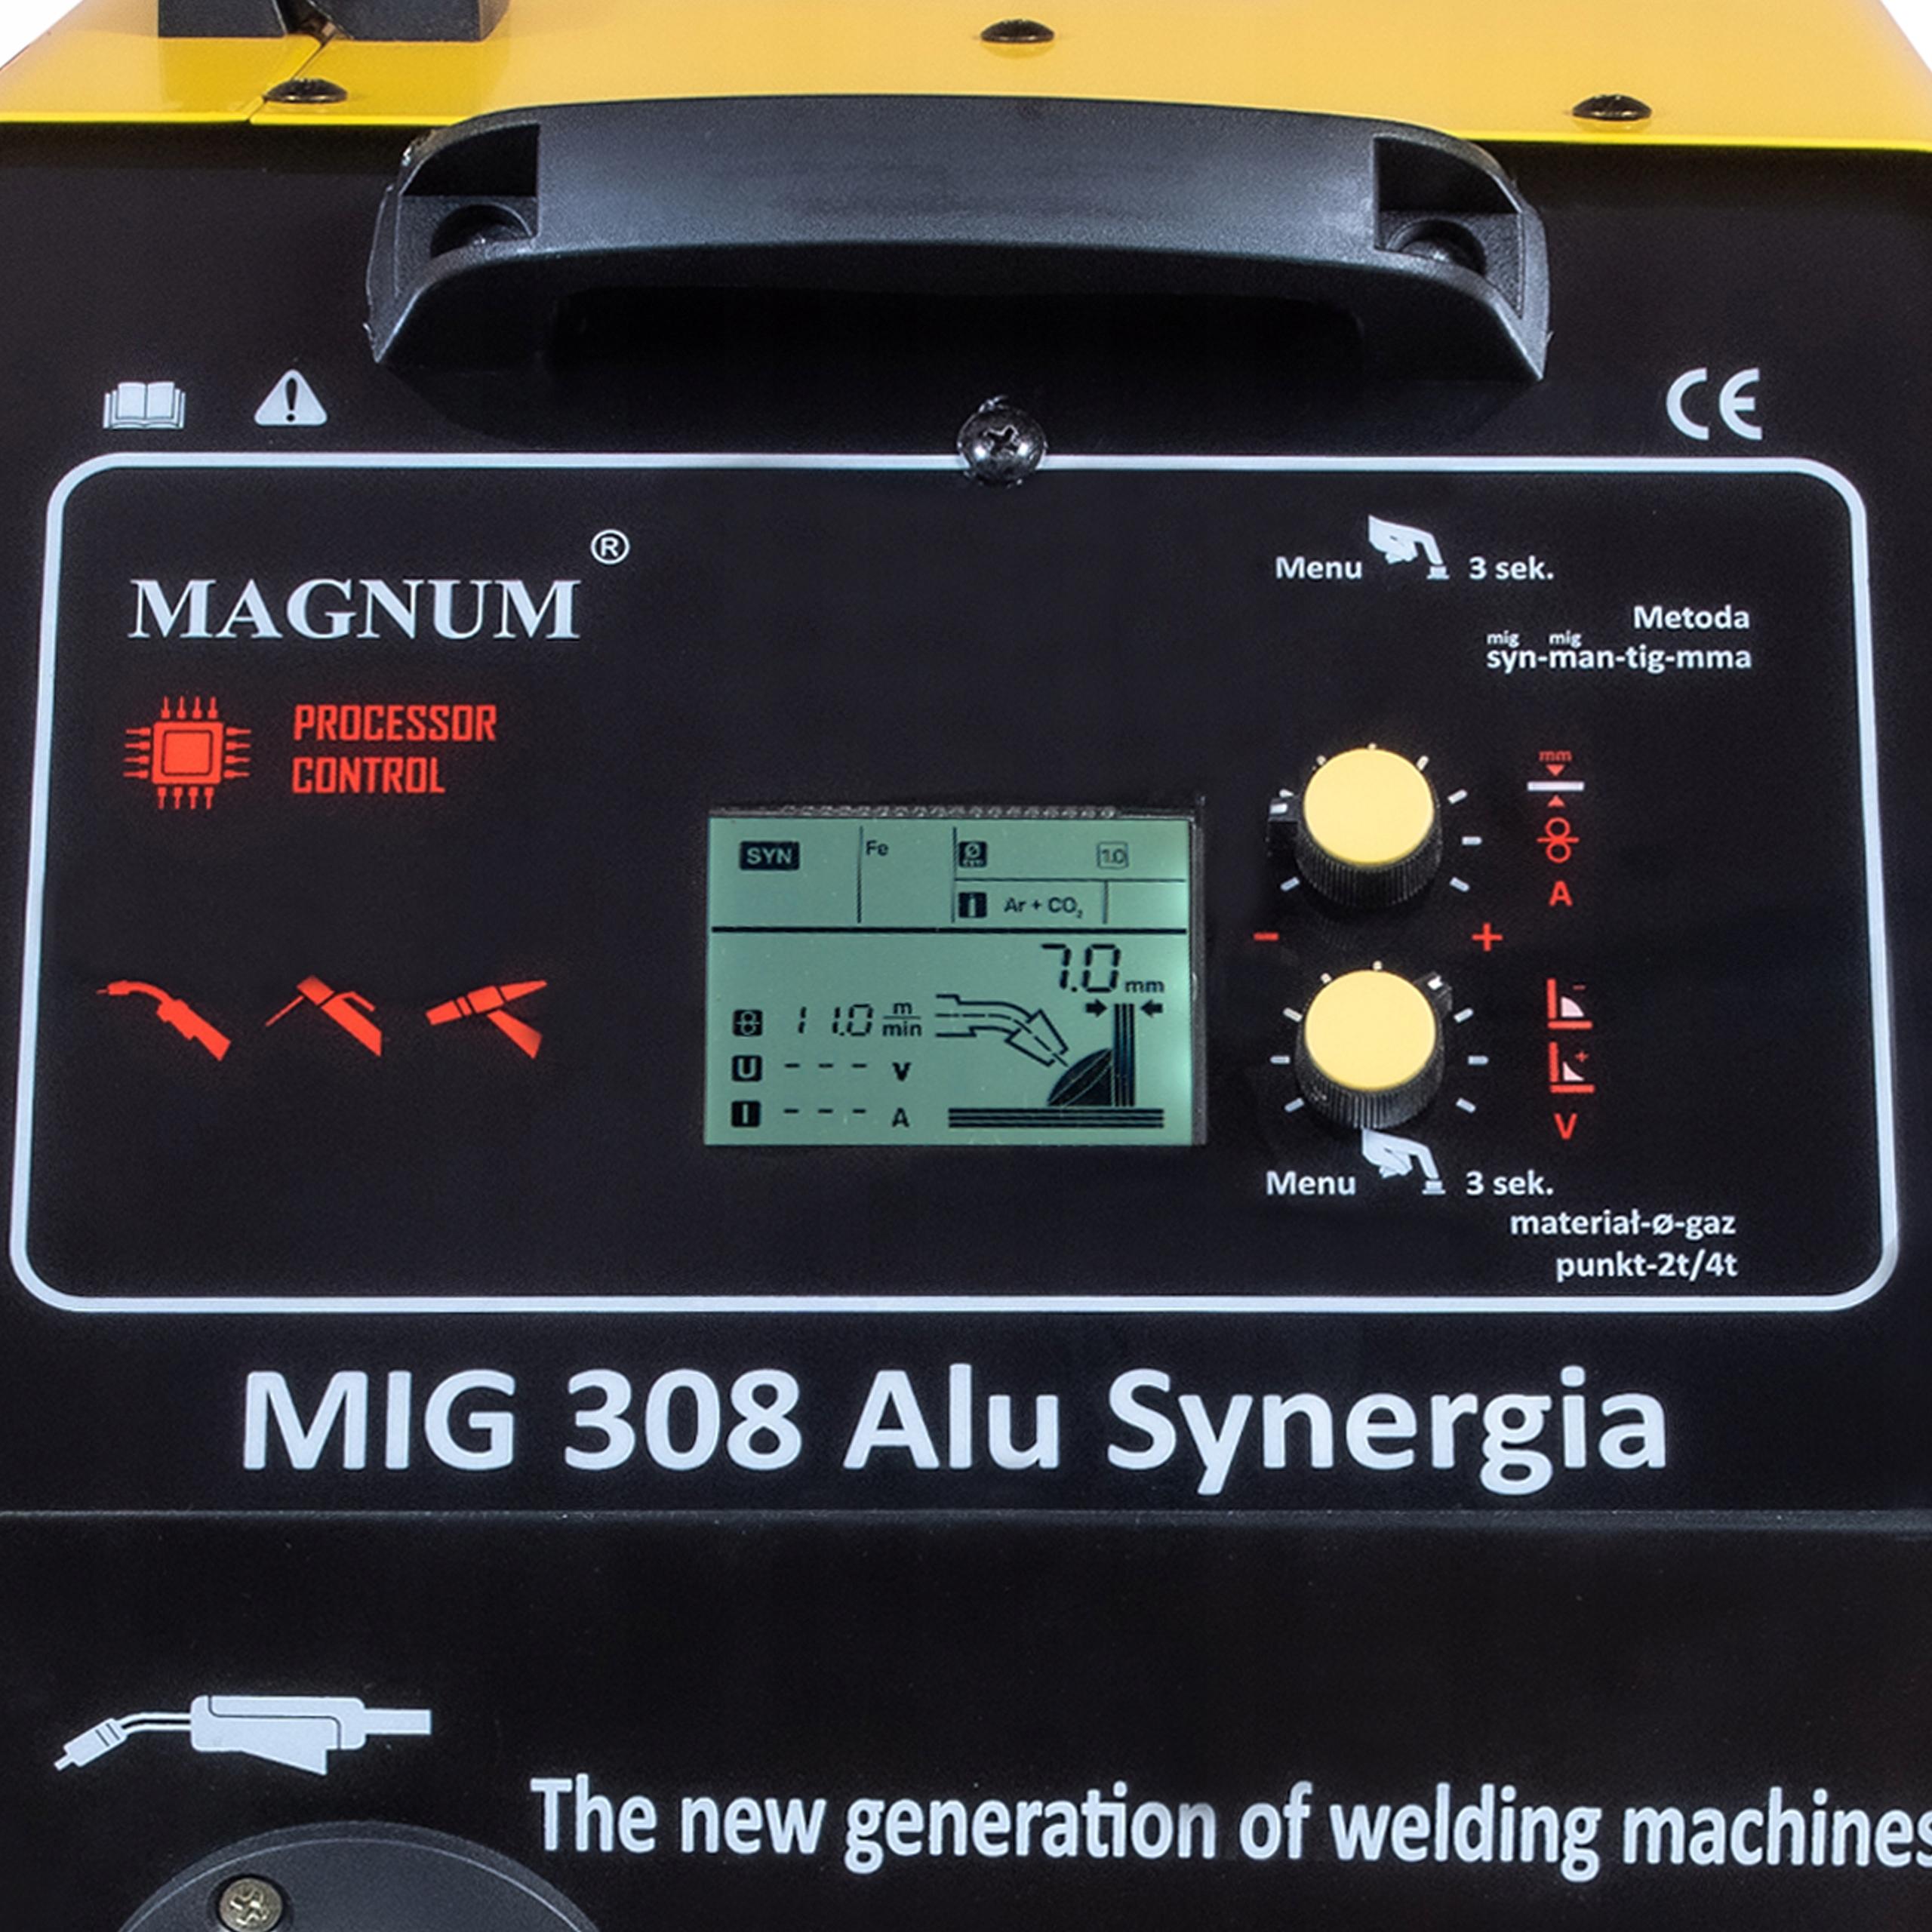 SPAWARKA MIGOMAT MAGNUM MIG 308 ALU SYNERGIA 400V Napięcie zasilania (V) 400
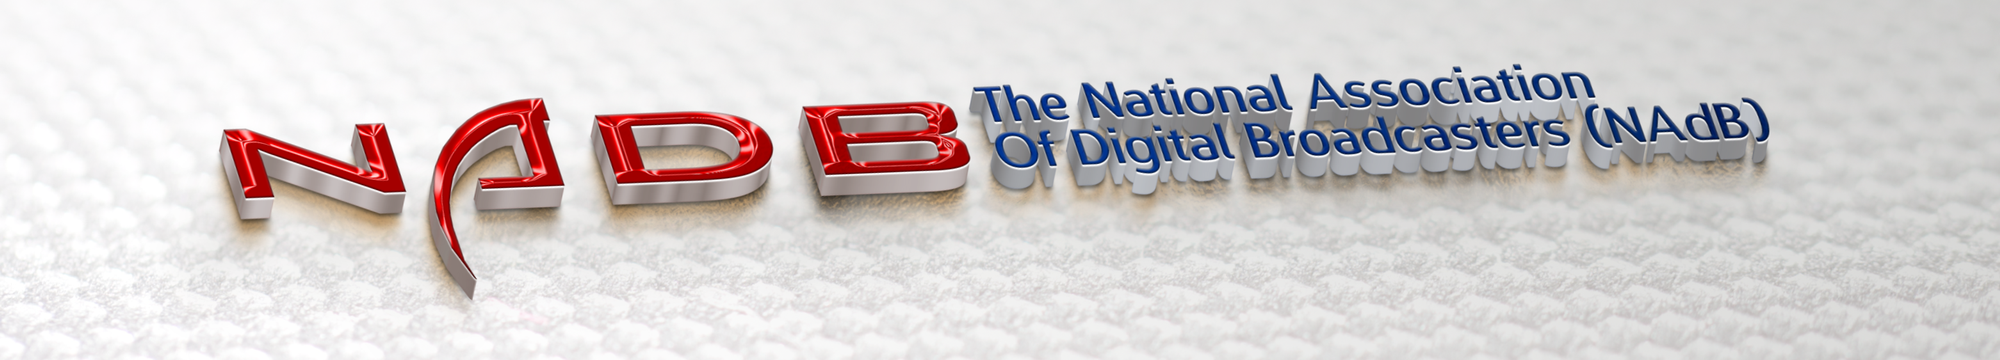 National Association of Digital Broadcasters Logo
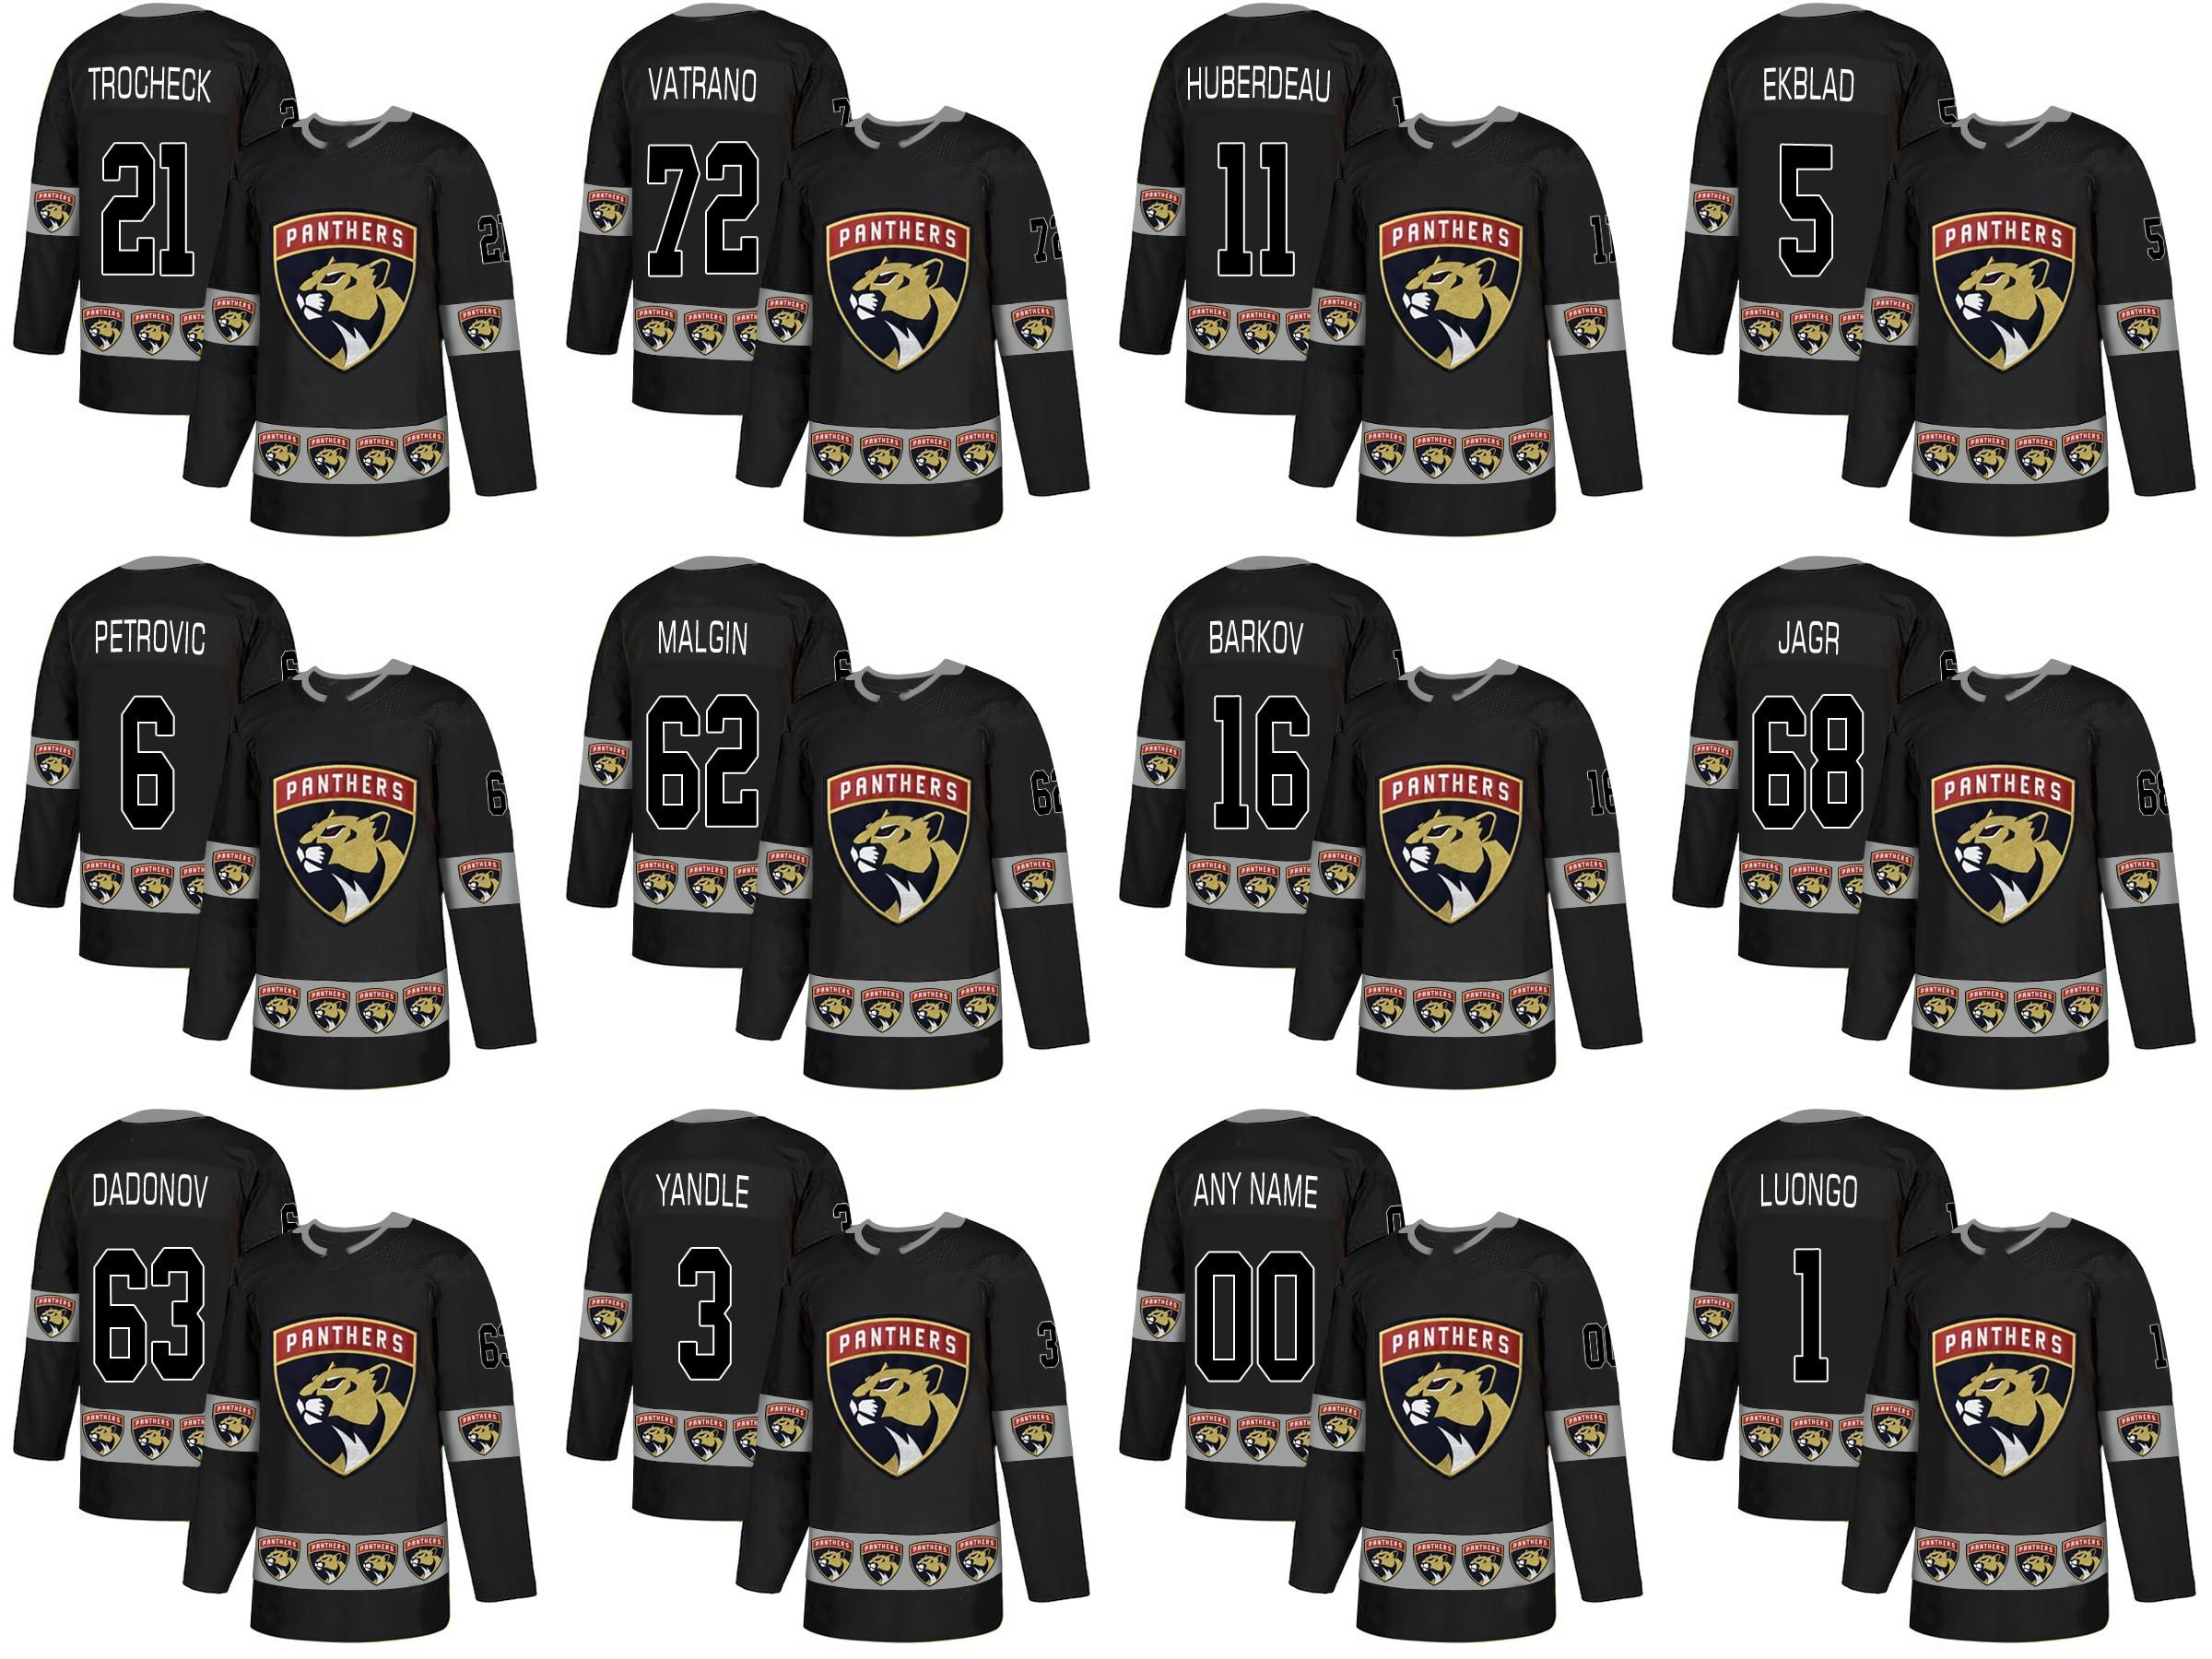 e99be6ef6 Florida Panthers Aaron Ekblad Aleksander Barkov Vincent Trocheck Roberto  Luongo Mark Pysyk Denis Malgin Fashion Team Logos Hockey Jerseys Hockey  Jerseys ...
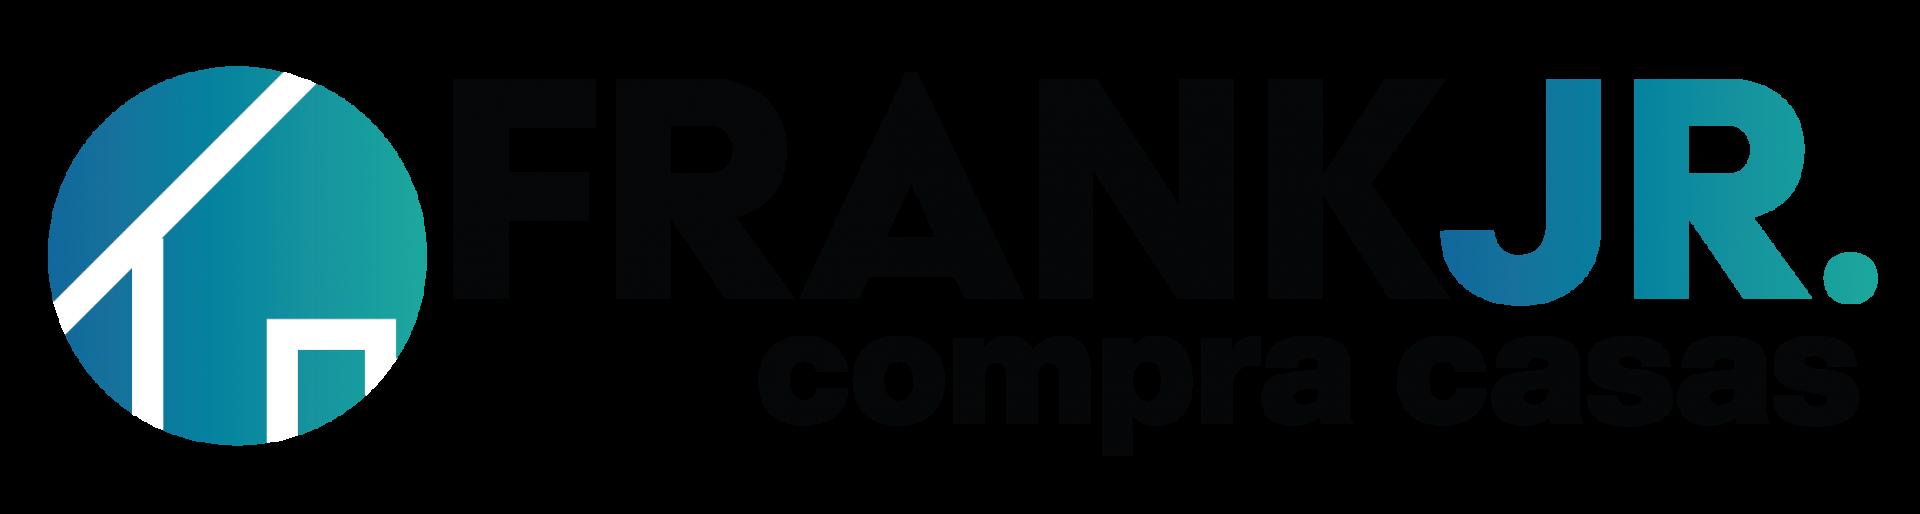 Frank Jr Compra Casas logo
━━━━
▶ **About this task**
Please print everything in the material exactly, apart from the pictures.

▶ **Task solution**
 SPAWARKA MIGOMAT MAGNUM MIG 308 ALU SYNERGIA 400V Napięcie zasilania (V) 400
 National Association of Digital Broadcasters Logo
 e99be6ef6 Florida Panthers Aaron Ekblad Aleksander Barkov Vincent Trocheck Roberto  Luongo Mark Pysyk Denis Malgin Fashion Team Logos Hockey Jerseys Hockey  Jerseys ...
 Frank Jr Compra Casas logo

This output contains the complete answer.